Certes, dans la sphère académique, tel que nous l’expliciterons au chapitre portant sur la problématique de cette recherche, la question de l’acceptabilité sociale a fait, au Québec comme ailleurs, l’objet d’un intérêt soutenu depuis une quinzaine d’années. La recherche s’est beaucoup intéressée aux facteurs influençant la réponse du public et, plus récemment, au développement conceptuel et théorique de la notion. Plusieurs facteurs d’influence faisant intervenir l’État, notamment en lien avec le processus de décision et le cadre institutionnel entourant les projets, ont été mis en évidence, de même que le rôle de certaines institutions publiques telles le Bureau d’audiences publiques en environnement (BAPE) ou encore de certains outils et instruments de l’action publique ou de champs de compétence privilégiés telle l’évaluation environnementale de grands projets.

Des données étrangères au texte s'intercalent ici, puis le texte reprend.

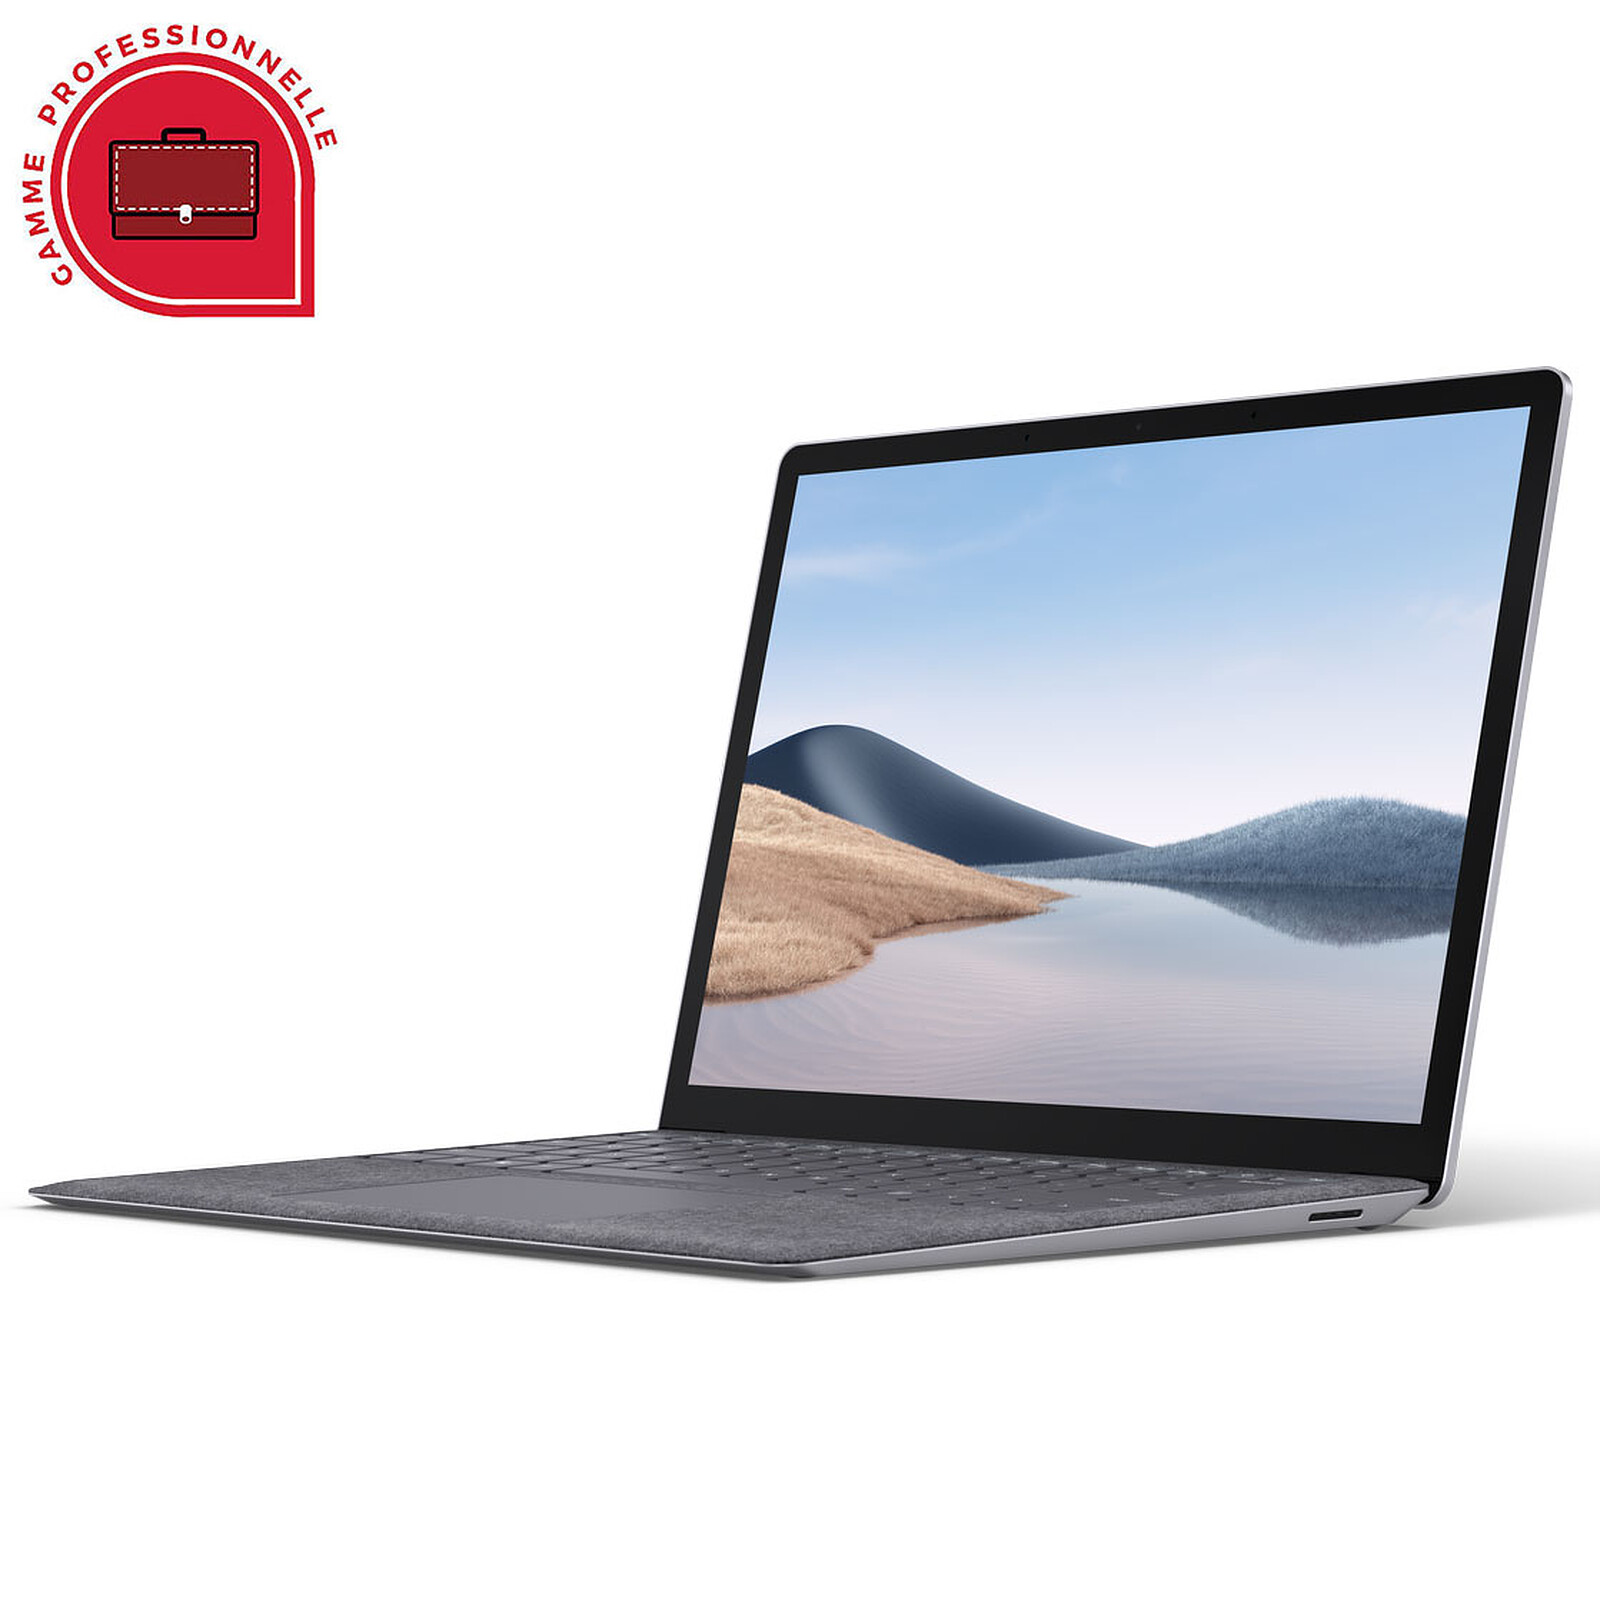 Microsoft Surface Laptop 4 13.5 for Business - Platinum (5BV-00040) -  Laptop - LDLC 3-year warranty
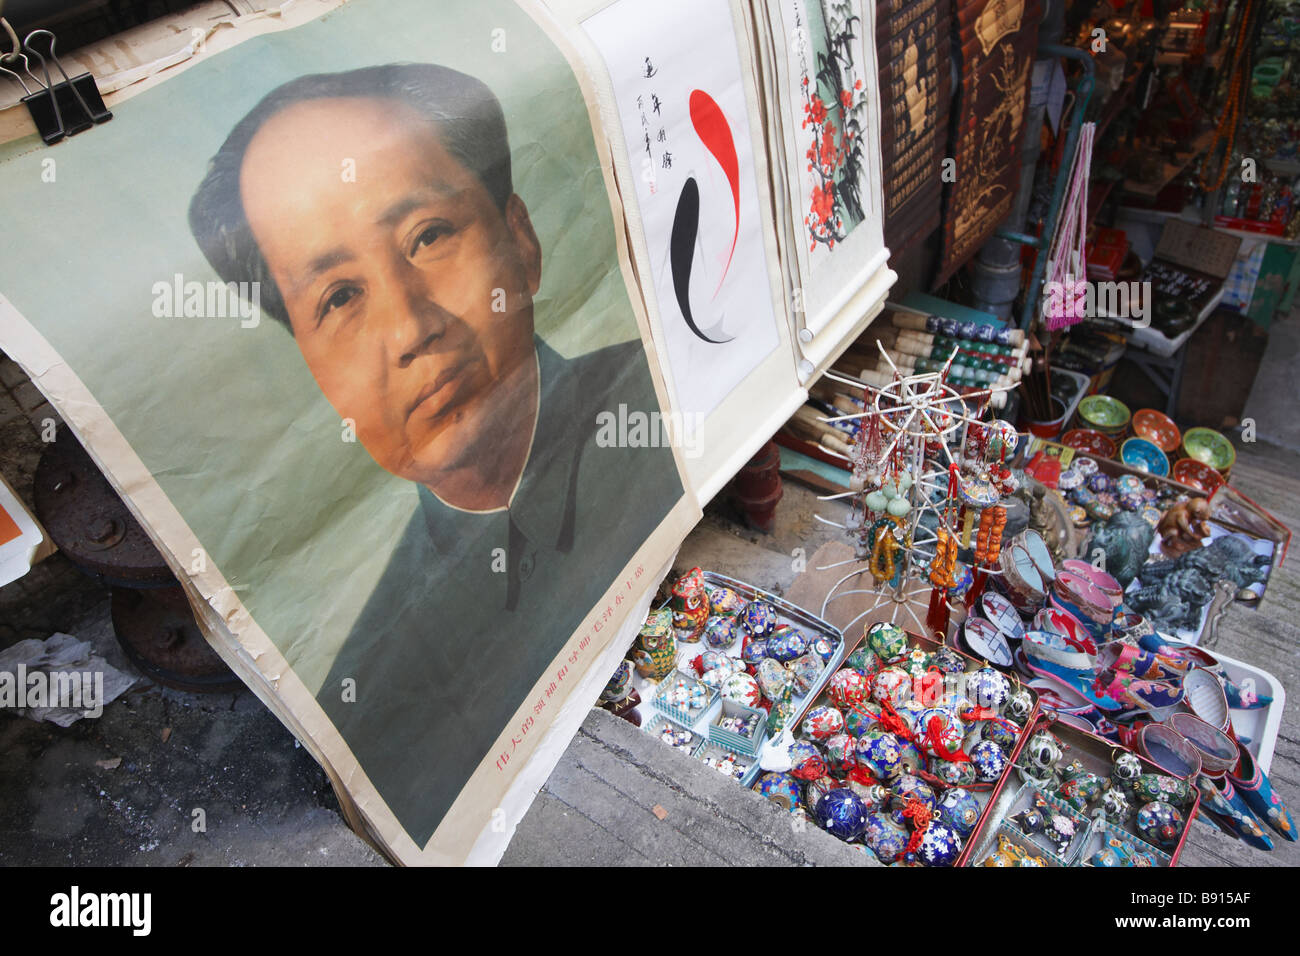 Poster Of Chairman Mao At Antiques Stall, Sheung Wan, Hong Kong Stock Photo

Cependant, malgré un vaste corpus traitant de différents instruments de l’action publique en environnement et de façon moindre en contexte de grands projets, il n’existe pas actuellement de perspective globale portant spécifiquement sur les différentes interventions critiques de l’État au regard de leur influence potentielle sur la réponse du public à un grand projet. De plus, au-delà de la mise en évidence d’une telle influence potentielle, les visées implicites ou les résultats attendus de celles-ci, de même que les fondements, principes et conceptions de l’État sur lesquels elles s’appuient sont rarement précisés et discutés, ni situés au regard d’éventuelles attentes sociales à cet effet.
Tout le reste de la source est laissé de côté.